My Tragedy of Errors

If only it was this easy...
Image by Salvatore Vuono


I was so disappointed in myself recently.

I was looking over my website and seeing what needed to be updated and what needed to be changed and deciding whether to add anything when I came across a HUGE error.  While that might not be a big deal to some, for someone who edits for a living, having a glaring spelling error splashed across the page is not exactly a great advertisement, y'know?

I thought back on every time I had laughed at a flyer advertising "proffesional proofreading" and winced.  Bad karma, indeed.  I quickly fixed the error, but I wonder how much damage has been done?  How many times has someone considered me for the job, then seen my website and that horrible mistake and laughed at me?  Maybe posted my error on some social network for others to see and laugh at?  Ugh.

I have a couple excuses, of course.  One, I can't work on the website in Google Chrome (my preferred browser).  One of the many excellent features of Google Chrome is that it has a spell-check function.  It helps me catch dumb errors that I make before they go out to the world and embarrass me.  (See how I spelled "embarrass" right?  Yeah, thanks Google Chrome.)  Currently there's a red squiggly line under my misspelling of professional up there.  It's just taunting me.

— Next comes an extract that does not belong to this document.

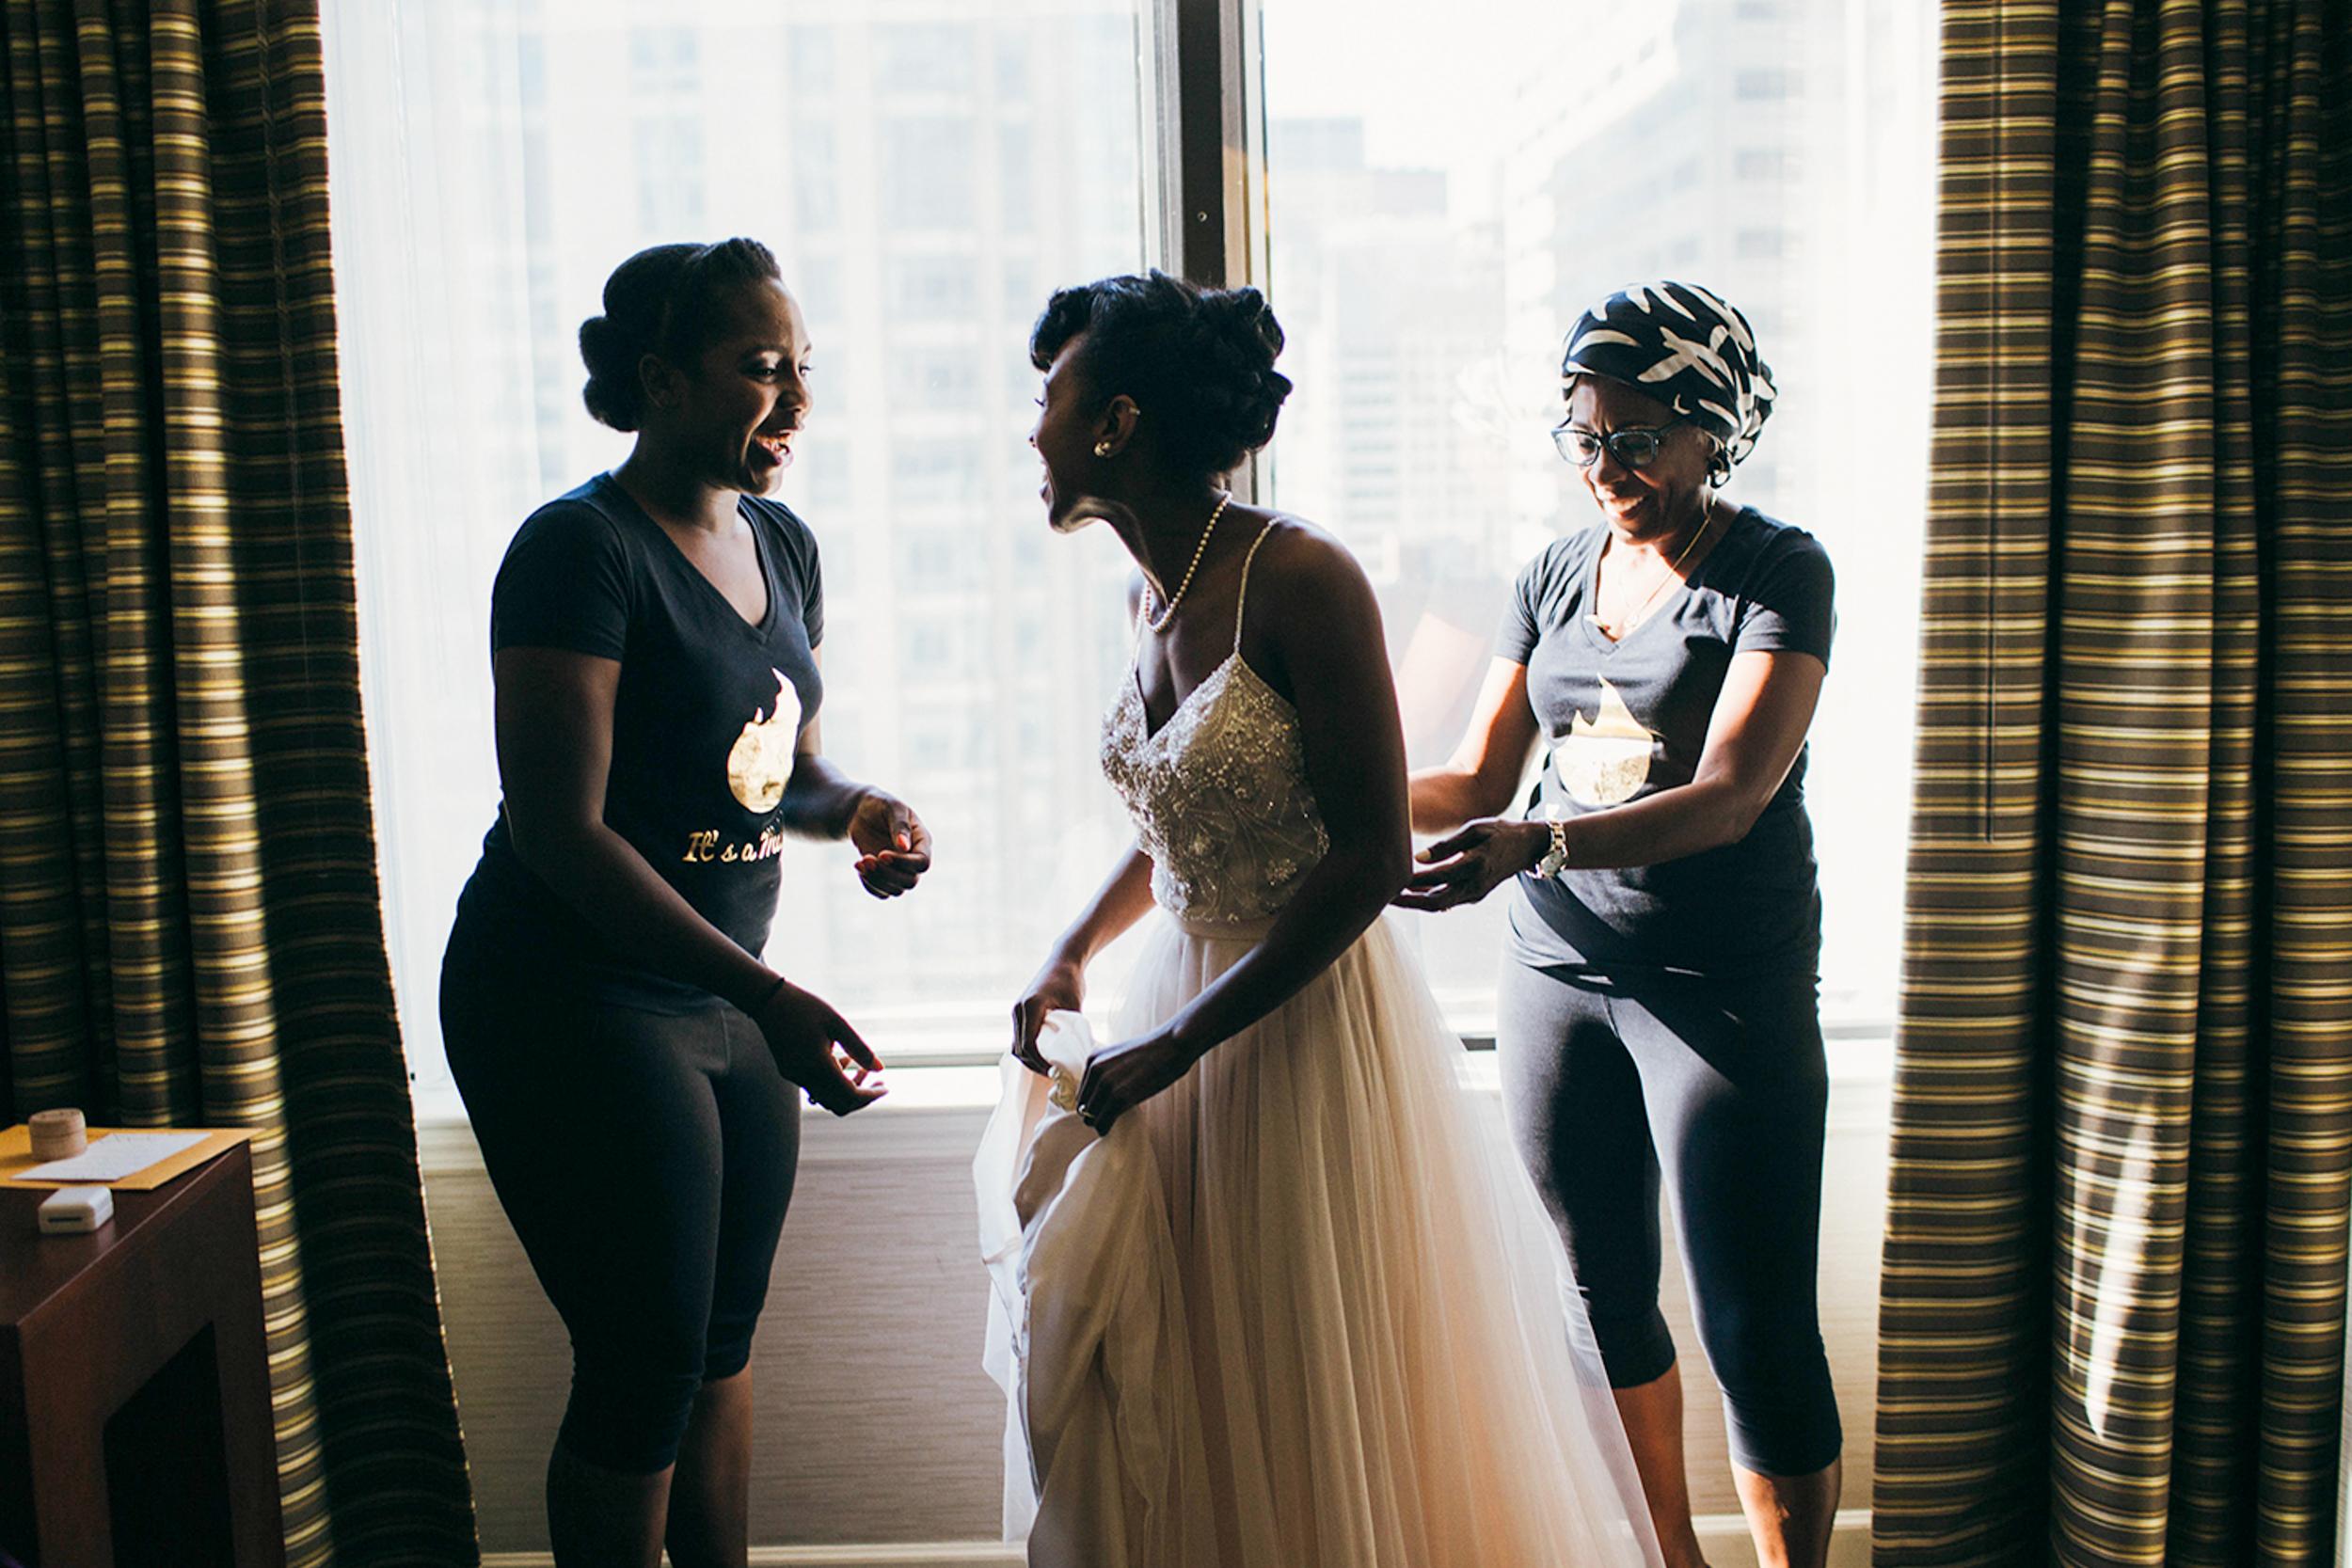 chicago.wedding.urban.intimate.zed451.lake.milton olive park-14.jpg
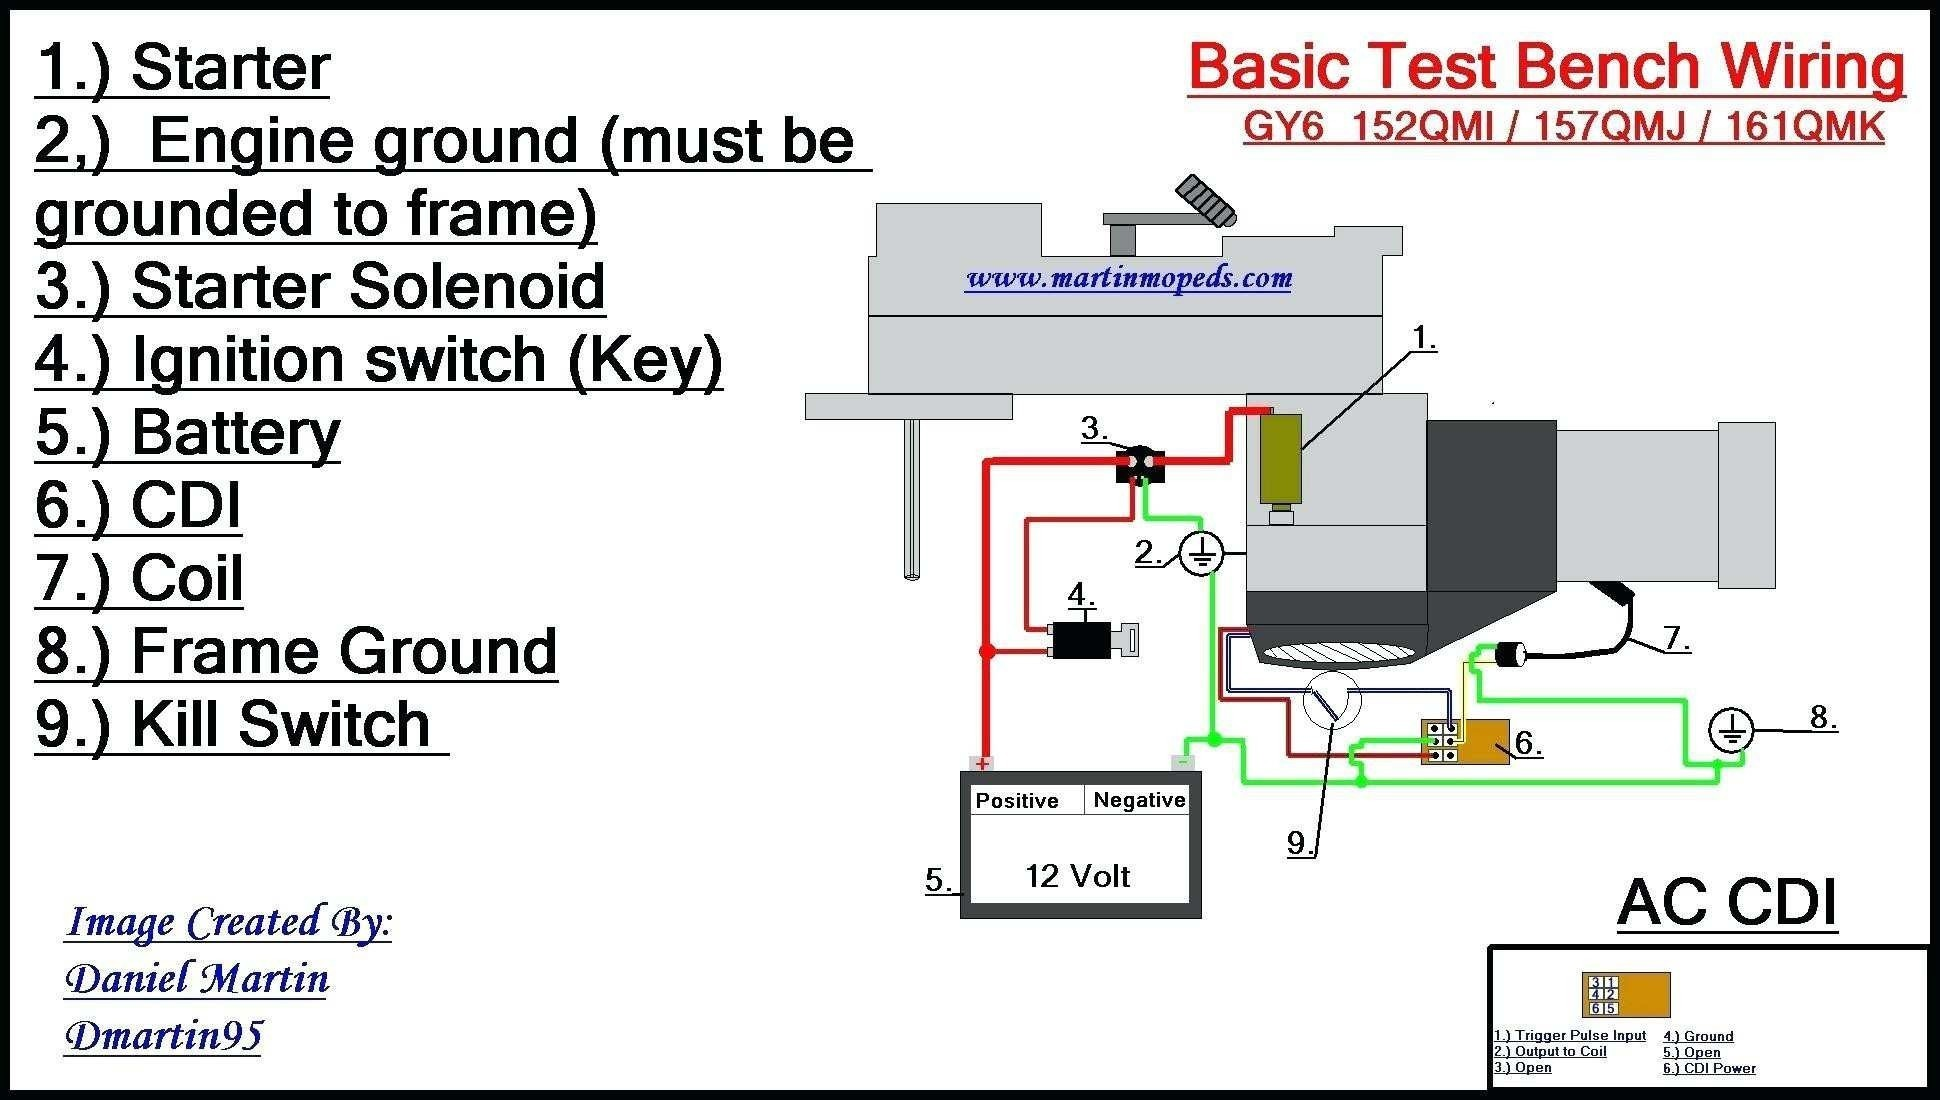 24v starter solenoid wiring diagram rb 2807  st81 solenoid wiring diagram  rb 2807  st81 solenoid wiring diagram

My second excuse is that it's just really hard to edit your own stuff.  I think that's the worst part.  I would have caught that error in someone else's work.  But because it was my own work (and we all know editors are infallible), I completely missed it.  I didn't check it as carefully as I would have checked something I was being paid to check.  Or even something I was volunteering to check.  I guess that isn't really an excuse.  It's just what happened.

I fixed the error.  I'll have to go through the whole thing again with a fine tooth comb, looking for anything else that might have slipped past me.  Maybe I can pretend someone else wrote it.  Or put my pride aside and ask  someone else to look at it and find errors I've missed.

Oh well.

When have you been "caught with your pants down" (so to speak)?

2 comments:

  1. Oh, I know exactly how you feel.

    It is harder to edit your own work. Totally legitimate excuse:). It's because the work is not just on paper/screen, but in your head--way easier to gloss over something while you're thinking the entire thought. When reading someone else's stuff, you have no idea what's coming next!

    I've found it helpful to save it as a draft, then look at it again hours later. It's really helpful for me to have it on paper, but printing would add up, hence the hours-later ploy;).

    ReplyDelete
  2. I'm sure that's why I found it, too. It had been a little while since I posted it, so it wasn't so "fresh." Still pretty frustrated with myself though!